Understand action, Reducer
An example of an action:
var action = { type: ‘ADD_USER‘, user: {name: ‘Dan‘}};// 假设store对象已经通过Redux.createStore()创建store.dispatch(action);
In this code, the action is passed to the store through the dispatch () method. Action is essentially a JavaScript generic object. We agreed that an action must use a Type field of type string to represent the action that will be performed. In most cases, the type is defined as a string constant. When your application is growing in size, it is recommended that you use a separate module or file to hold the action.
import { ADD_TODO, REMOVE_TODO } from ‘../actionTypes‘
As described earlier, Redux does not allow direct changes to the state, it must be forwarded by the action to tell the store that this is the intention to change the status. Reducer is the role that plays the intent of handling the forwarded action and can change the state of the function. A reducer accepts the current state as a parameter by returning the new state to change the original state:
var someReducer = function(state, action) { ... return state;}
Since reducer is a pure function, it is important to note:
- Do not allow network calls or database query operations inside the REDUCER function
- It can't change its parameters.
The advantage of this is that each time the same function is called, the same value can be passed to the same result.
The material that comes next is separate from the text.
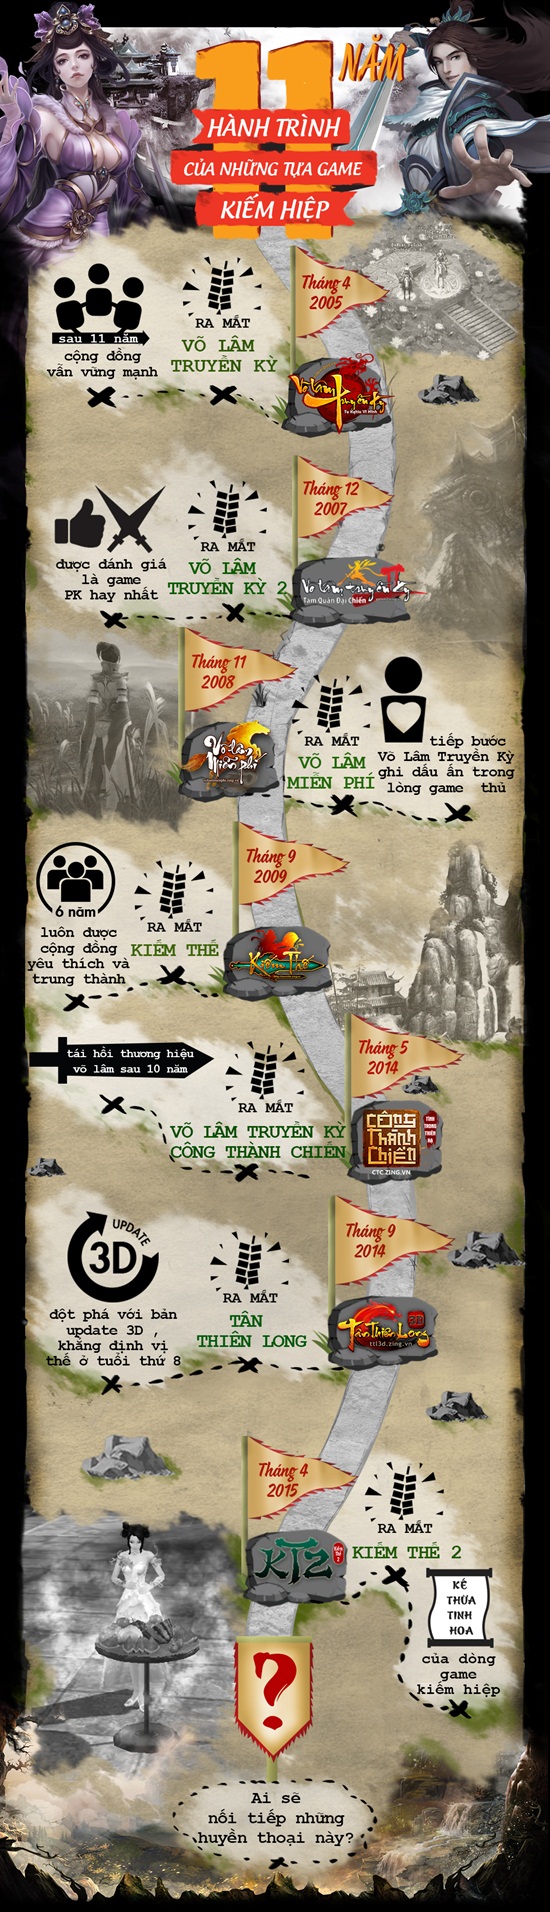 20151207-infographic-hanh-trinh-11-nam-cua-nhung-tua-game-kiem-hiep-1.jpg

Other parts of the system do not have side effects.
First Redux Store
Use Redux.createstore () to create a store, and pass all the reducers as parameters to it, with a reducer as an example:
var userReducer = function(state=[], action) { if (action.type === ‘ADD_USER‘) { var newState = state.concat([action.user]); return newState; } return state;}// 创建一个store,并且将reducer作为参数传递给它var store = Redux.createStore(userReducer);// 将action传递给store,告诉store我们有改变状态的意向store.dispatch({ type: ‘ADD_USER‘, user: {name: ‘cpselvis‘}});
What happens after the above code is run:
- Store is created
- Reducer determines that the value of the initial state is an empty array
- Action is forwarded to store
- Reducer adds newuser to the state and returns it to the update store
With this code you can see that the reducer function was actually executed 2 times, once when the store was created, once the action was forwarded. Also note: Redux expects that the REDUCER function will always return a new state. At this point the result:
store.getState(); // => [{name: ‘cpselvis‘}]
With this example, you can summarize the workflow of Redux
Here, the problem with the one-way data flow for state, component-I, reducer, is finished. In a nutshell: After the react component gets the data (such as an AJAX request), then creates an action notification store I have this intention to change state, and then reducers (an action may correspond to multiple reducer, It can be understood that the action is the subject of the subscription, there may be multiple subscribers) to handle this intent and return the new state, and the store will then collect all the reducer state and finally update the state.